YOUR TASK
Take the line that contains "Philips Hue White" and each one after it through the last line below, and retype them exactly. Leave out the pictures.

SUPPLIED DATA
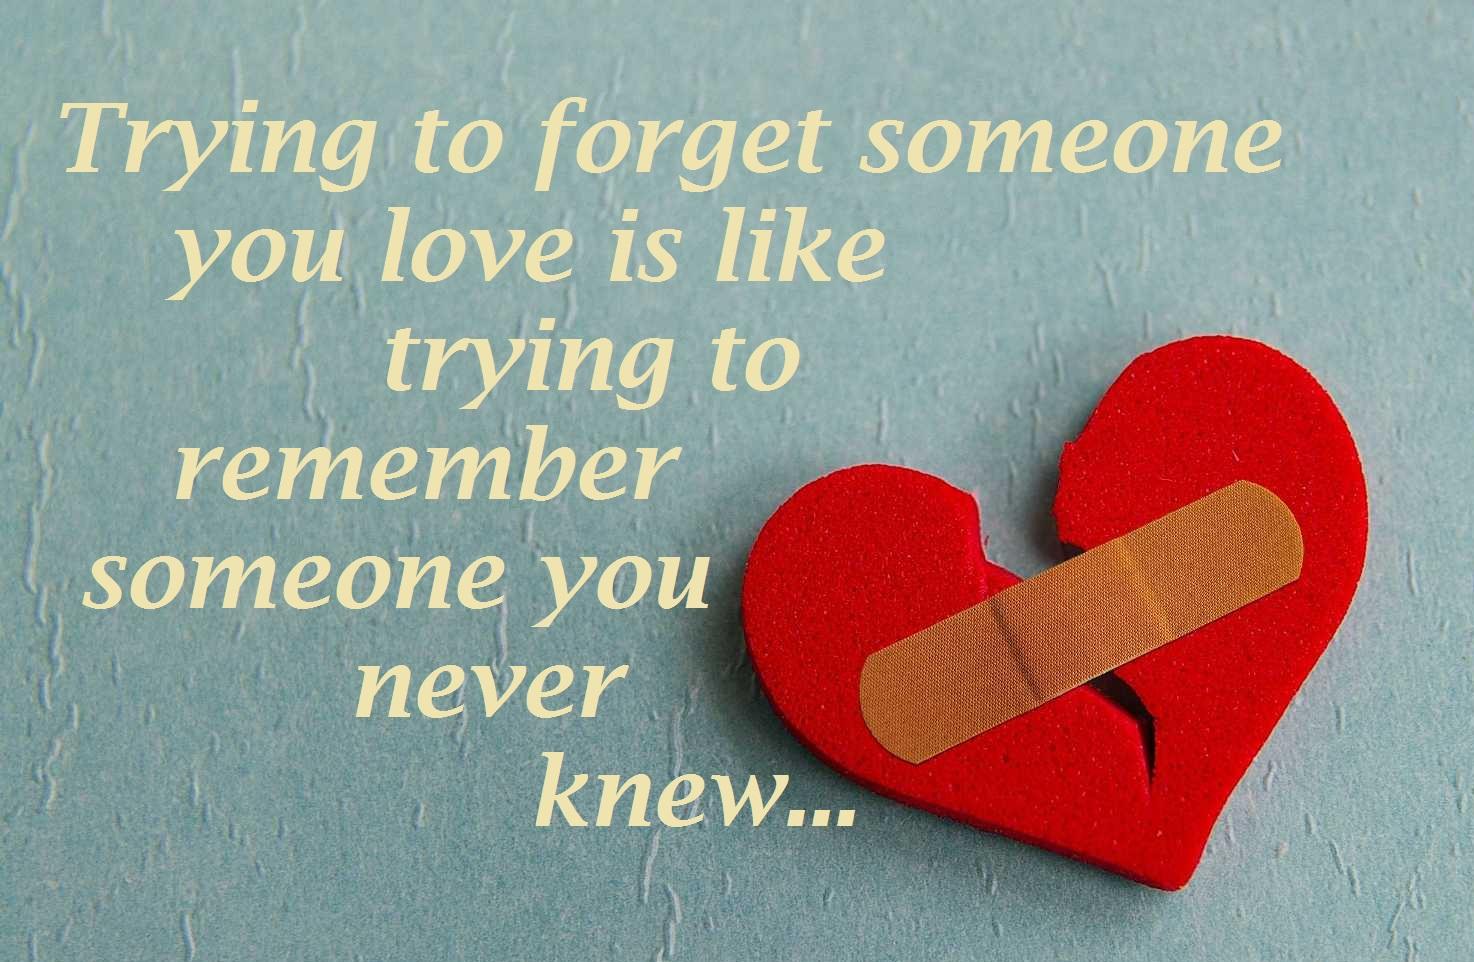 Top Broken Heart Quotes 2017 Images Free Download
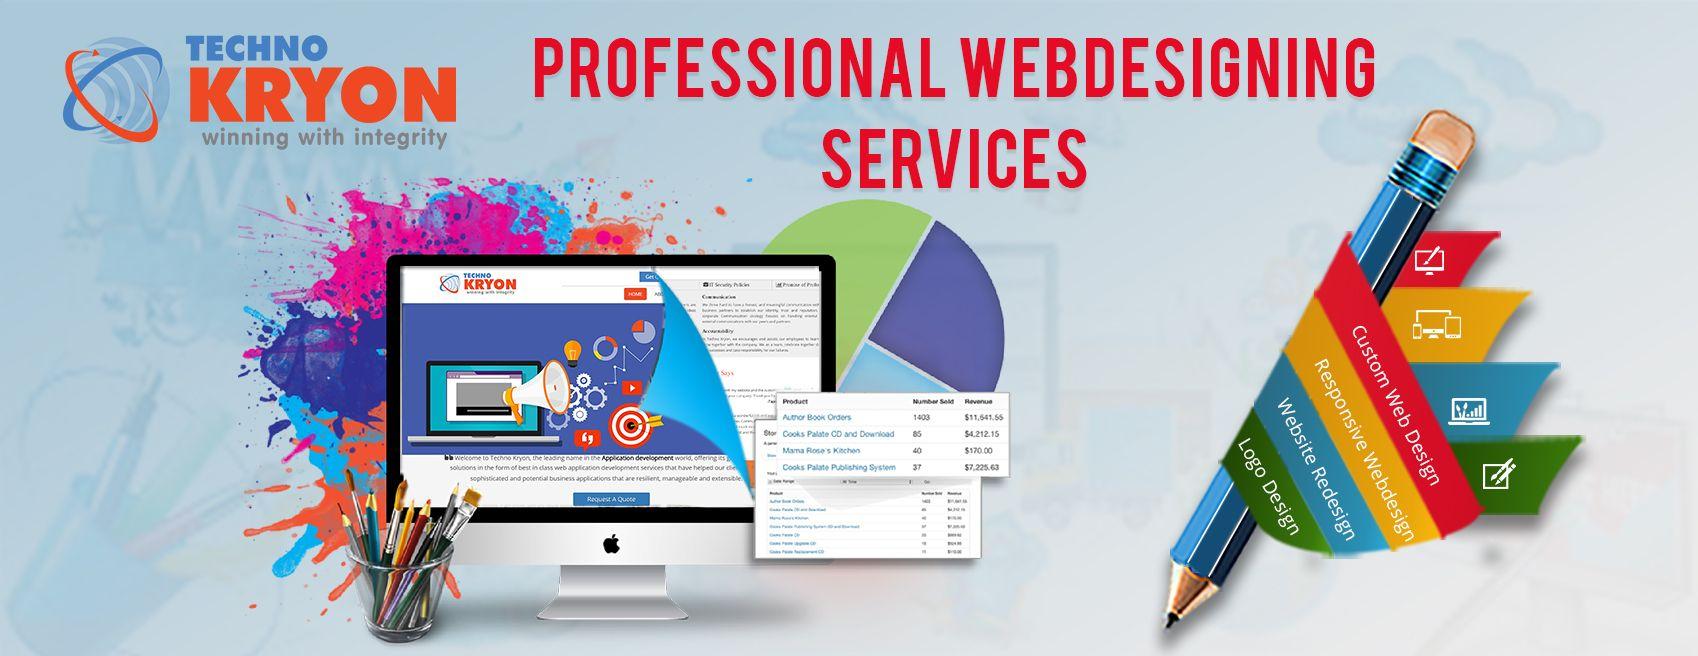 Techno Kryon Custom Web Design Developers Chennai Custom Web Design Services India Custom Web Designing Web Design Web Development Design Custom Web Design
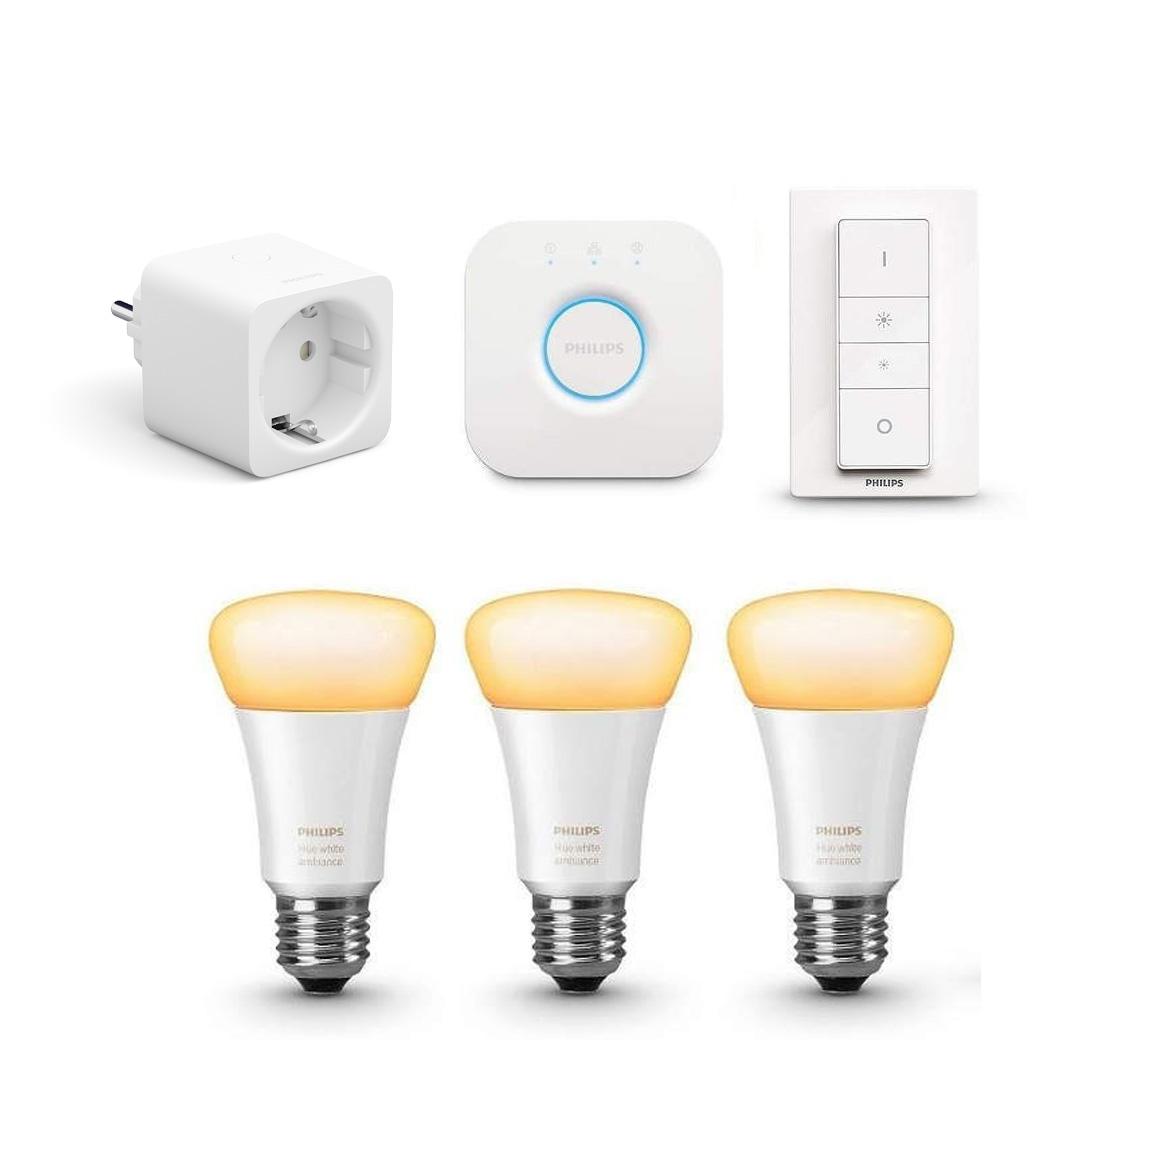 Philips Hue White Ambiance E27 Bluetooth Starter Kit + Smarte Steckdose
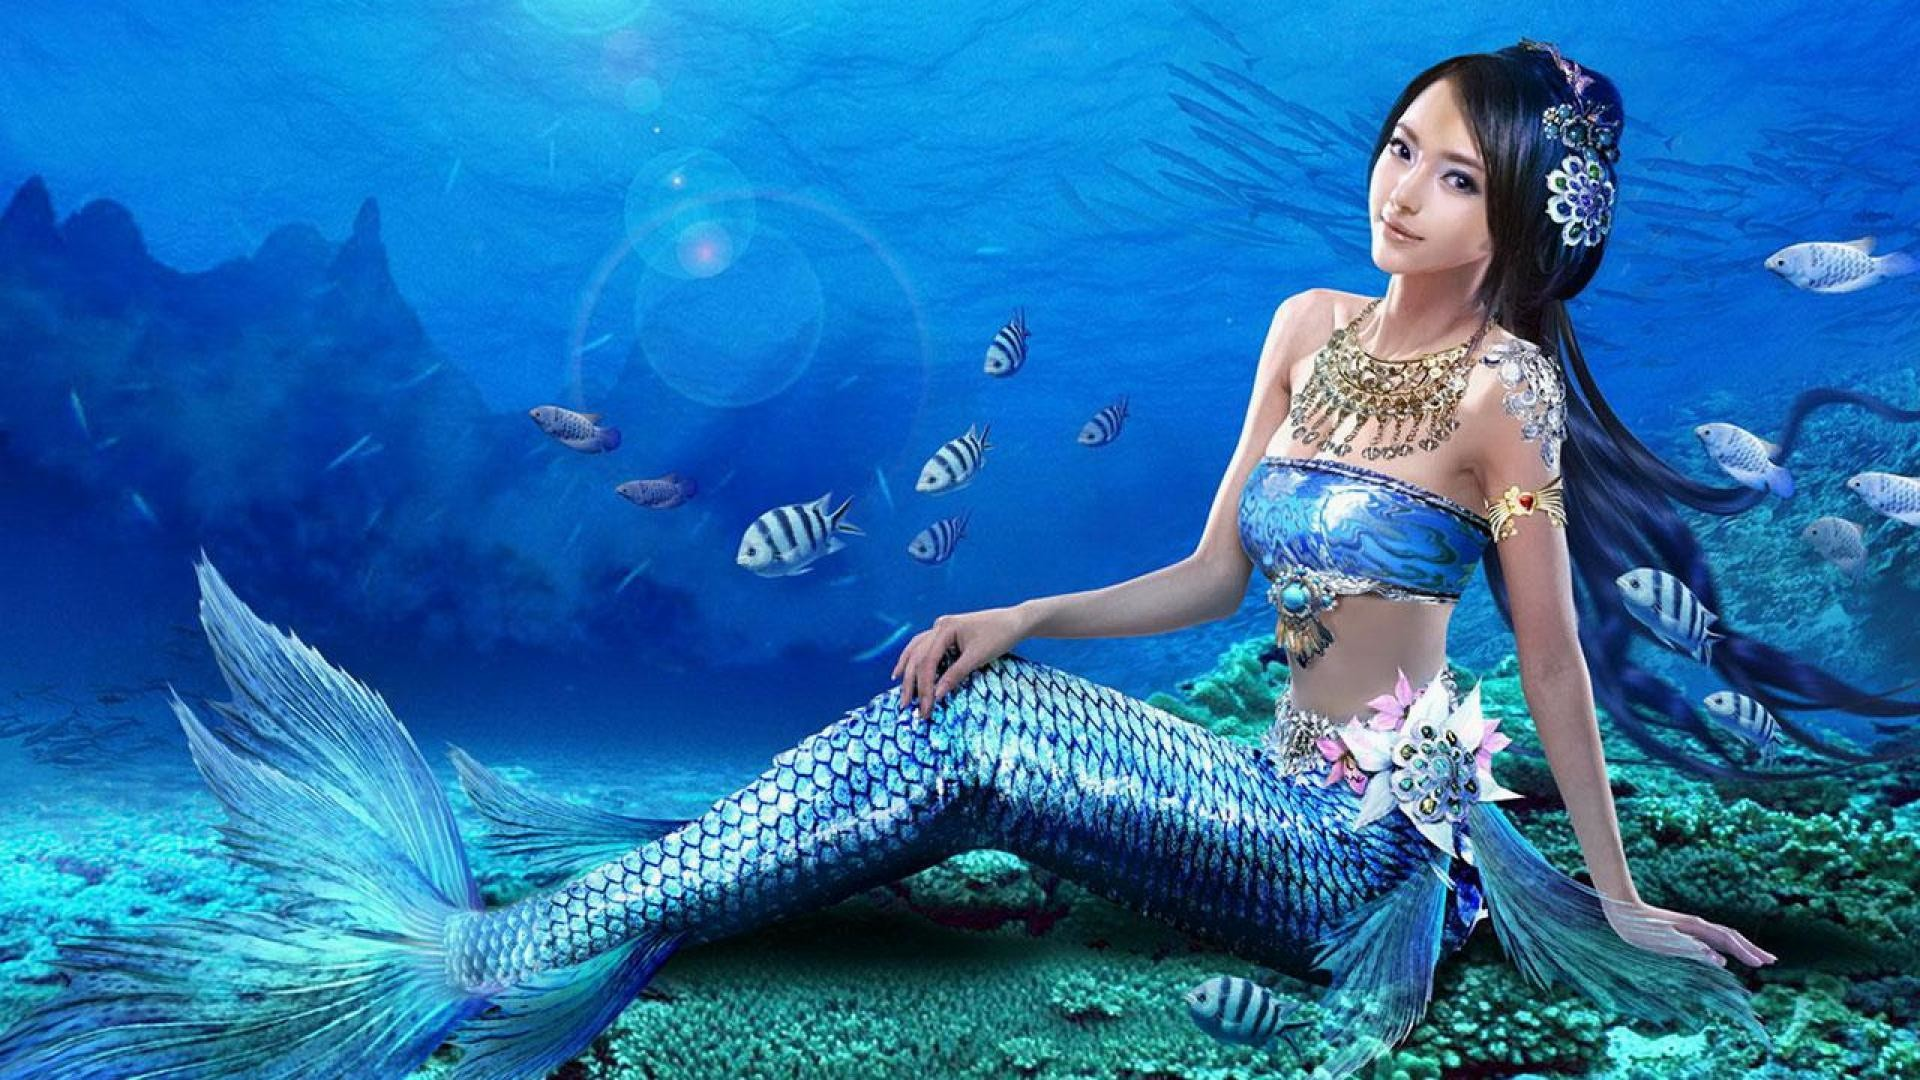 wallpaper.wiki-Mermaid-Wallpaper-HD-For-Desktop-PIC-

WRITTEN SOLUTION
 Philips Hue White Ambiance E27 Bluetooth Starter Kit + Smarte Steckdose
 wallpaper.wiki-Mermaid-Wallpaper-HD-For-Desktop-PIC-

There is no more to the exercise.